** GIVEN INFORMATION **
-----
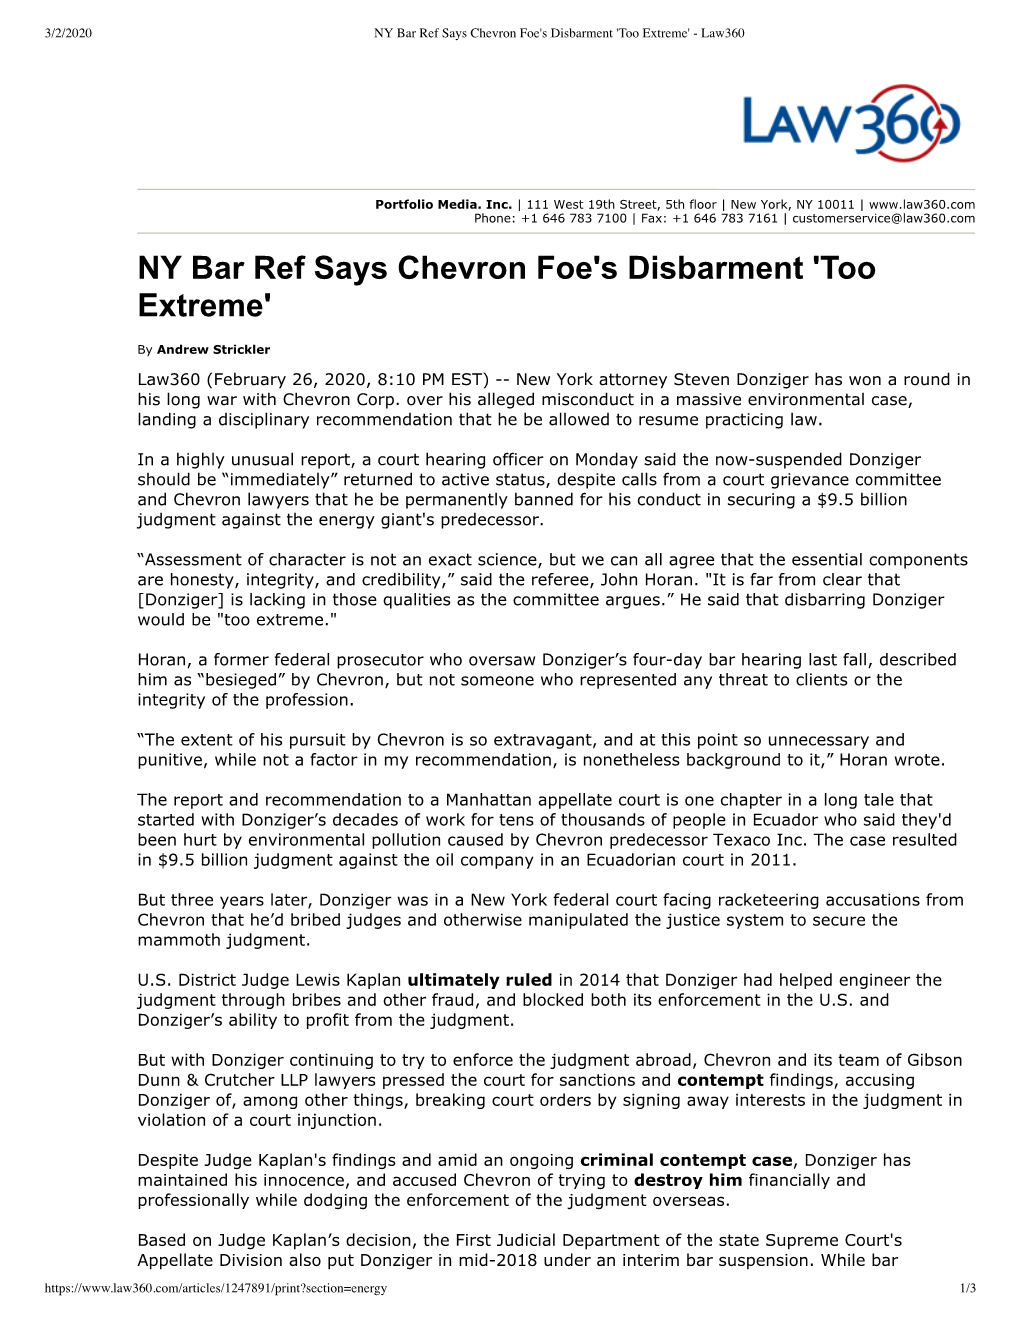 NY Bar Ref Says Chevron Foe's Disbarment 'Too Extreme' - Law360
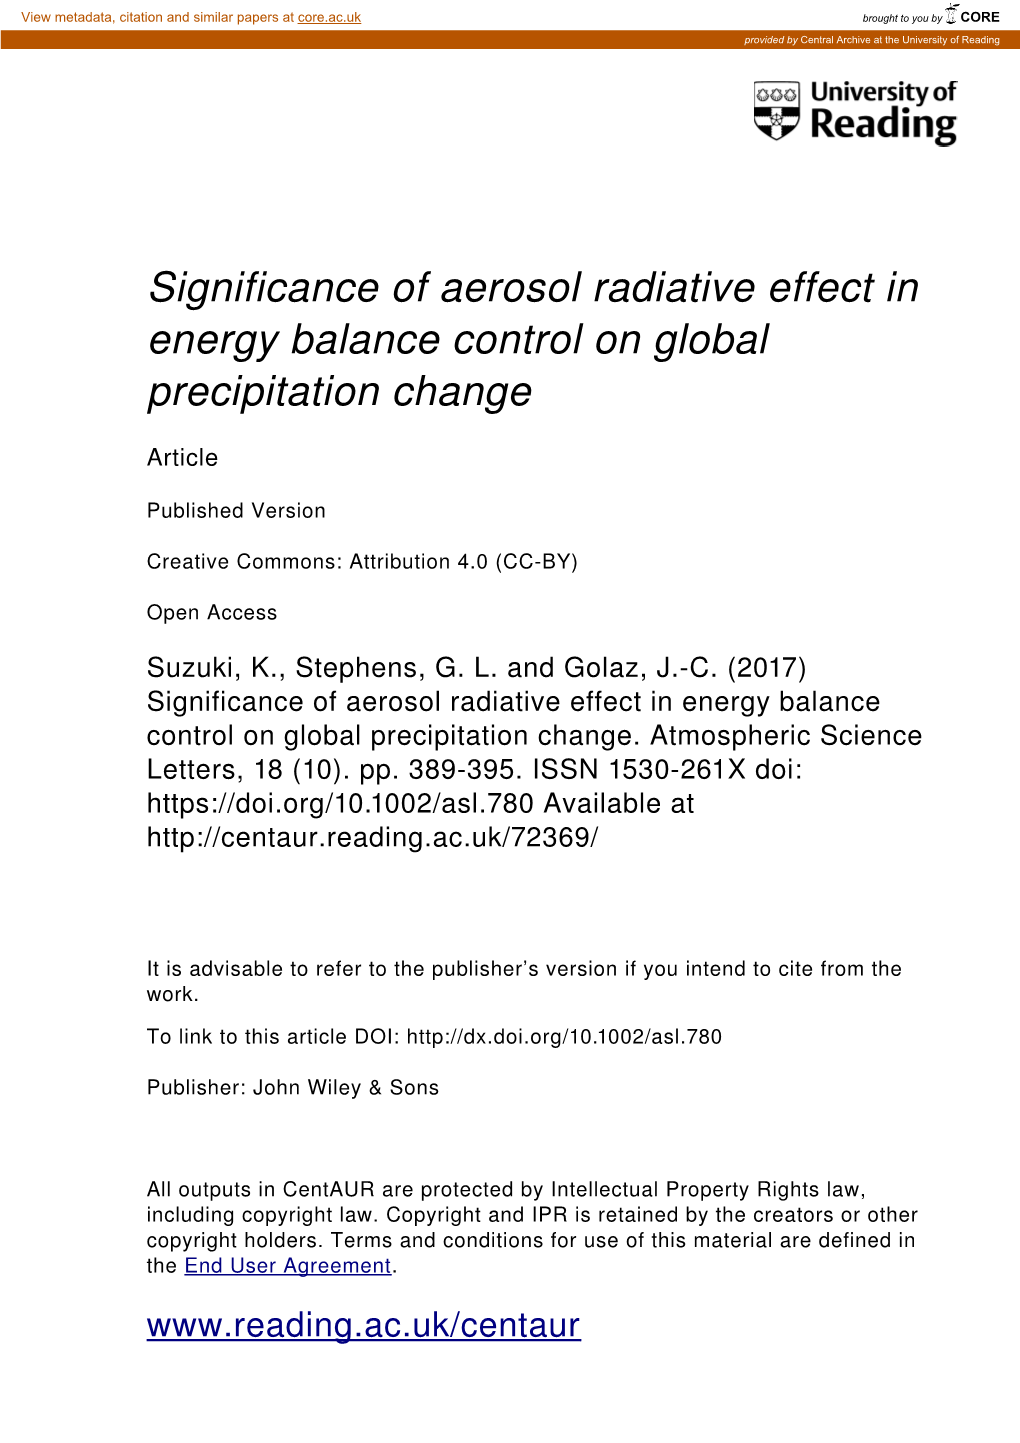 Significance of Aerosol Radiative Effect in Energy Balance Control on Global Precipitation Change
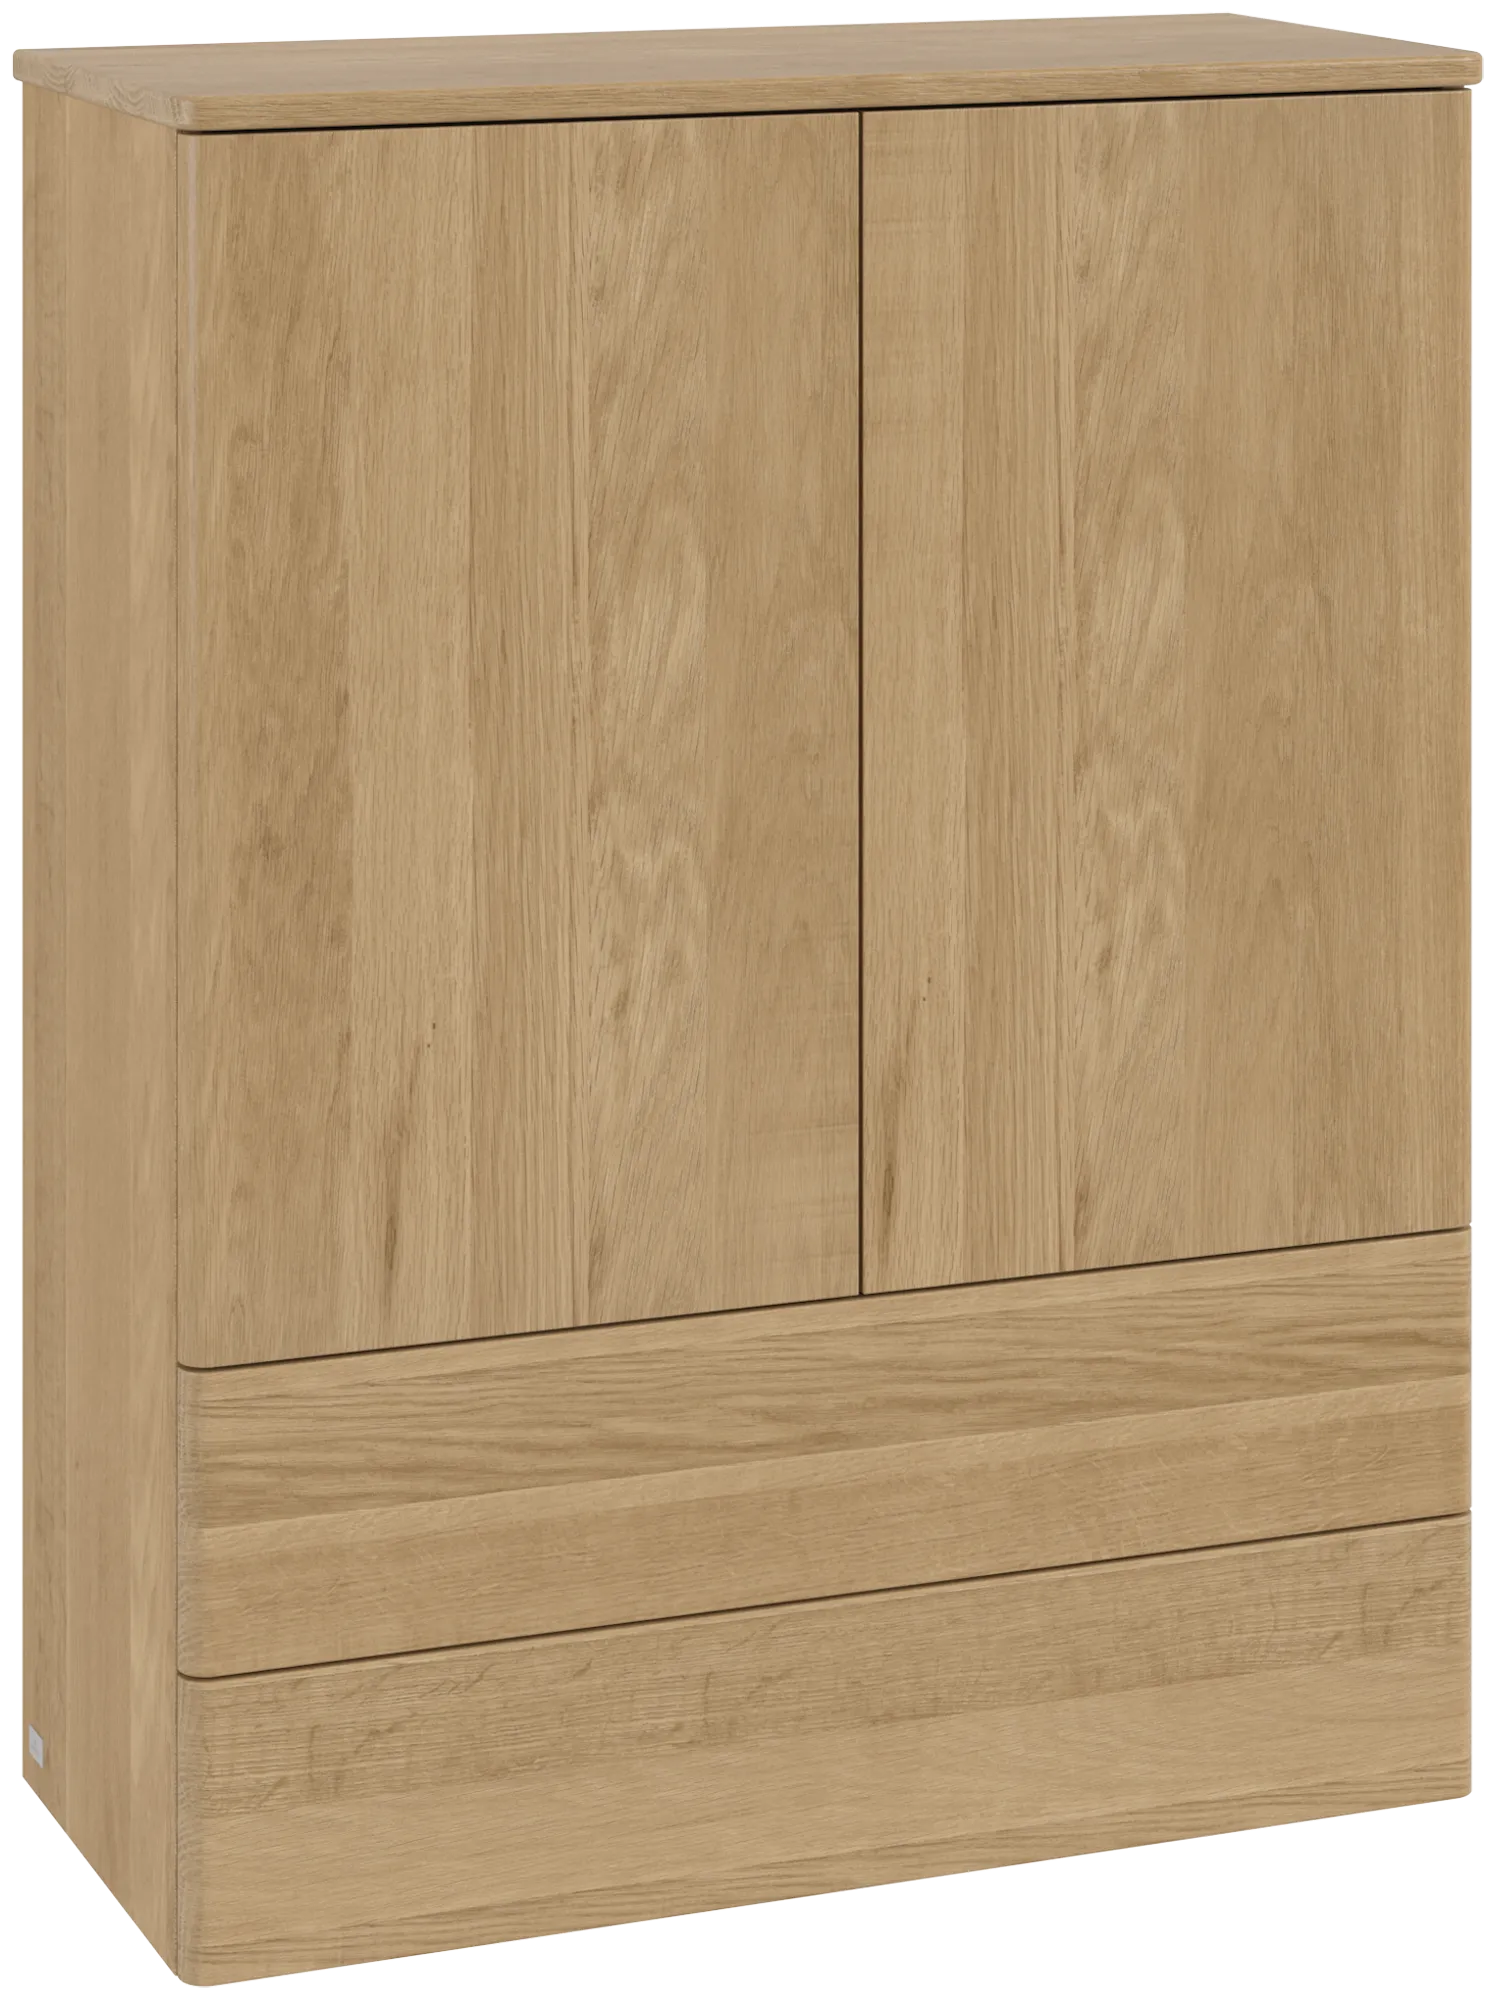 Bild von VILLEROY BOCH Antao Highboard, 2 Türen, 814 x 1039 x 356 mm, Front ohne Struktur, Honey Oak / Honey Oak #K47000HN
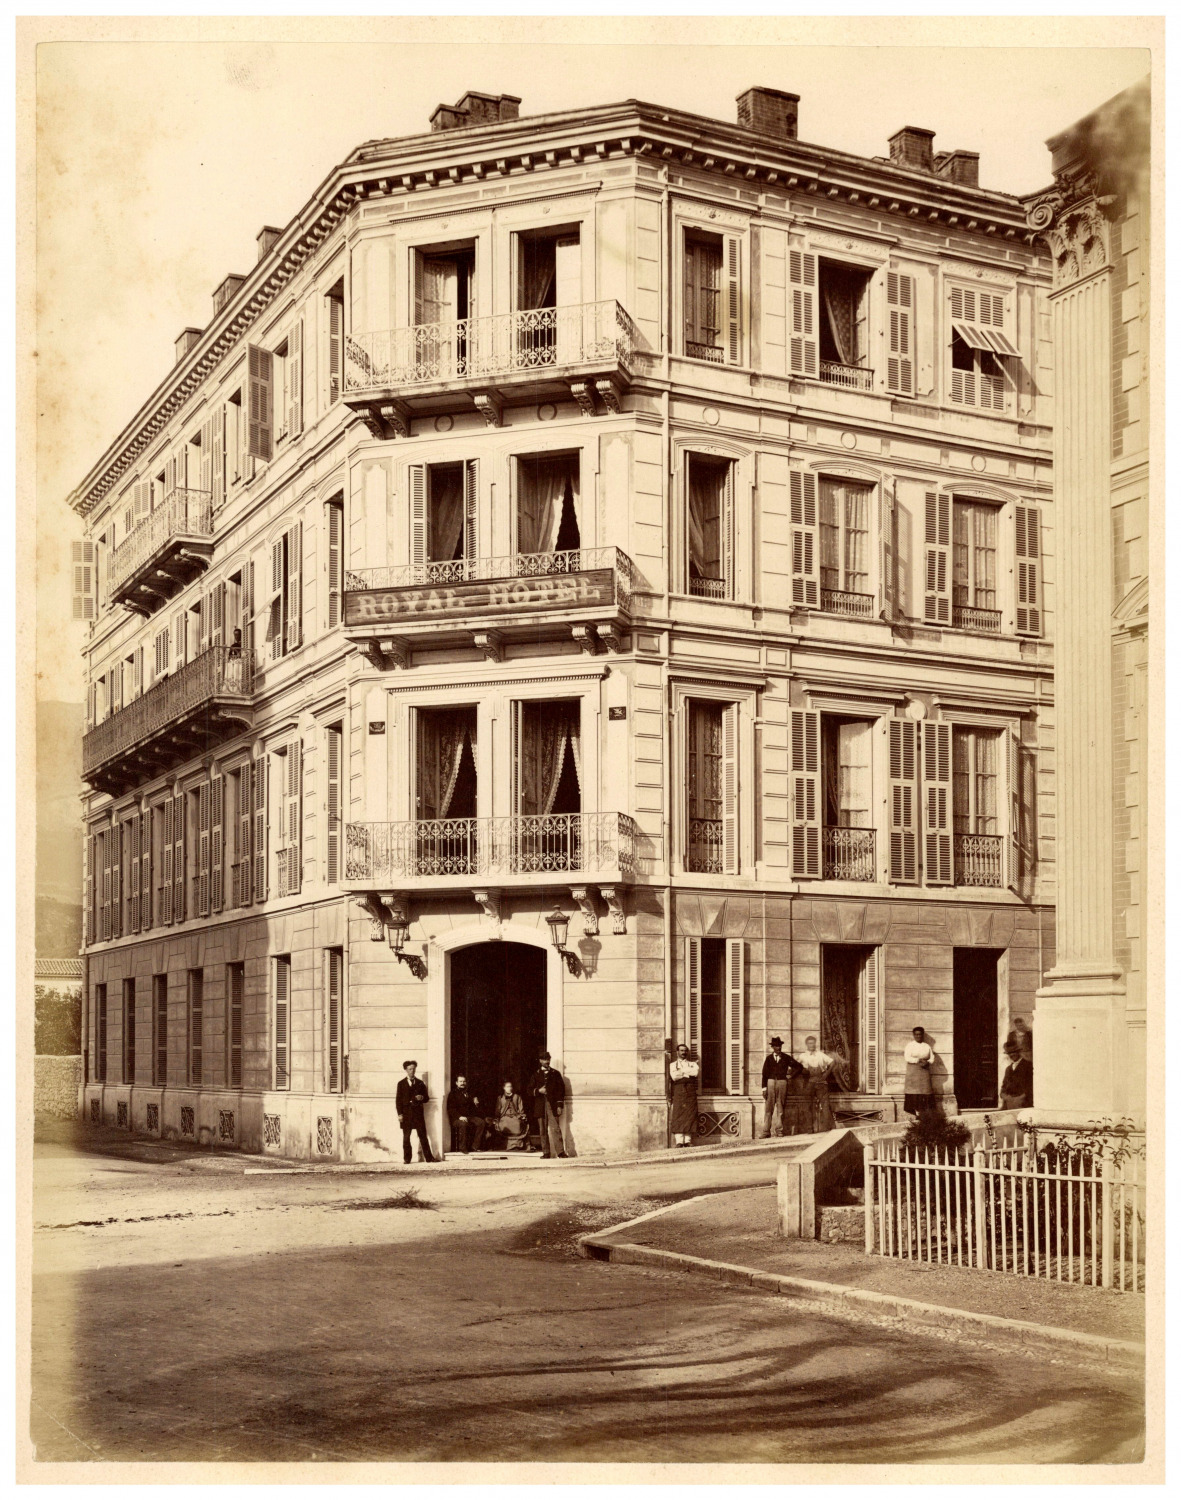 France, Paris, Hotel Royal Vintage Print, Albumin Print 29x22.5 Circa
-----
** WORK ITEM **
Transcribe the material exactly, and leave out whatever pictures it holds.

** FINISHED EXERCISE **
 NY Bar Ref Says Chevron Foe's Disbarment 'Too Extreme' - Law360
 Significance of Aerosol Radiative Effect in Energy Balance Control on Global Precipitation Change
 Bild von VILLEROY BOCH Antao Highboard, 2 Türen, 814 x 1039 x 356 mm, Front ohne Struktur, Honey Oak / Honey Oak #K47000HN
 France, Paris, Hotel Royal Vintage Print, Albumin Print 29x22.5 Circa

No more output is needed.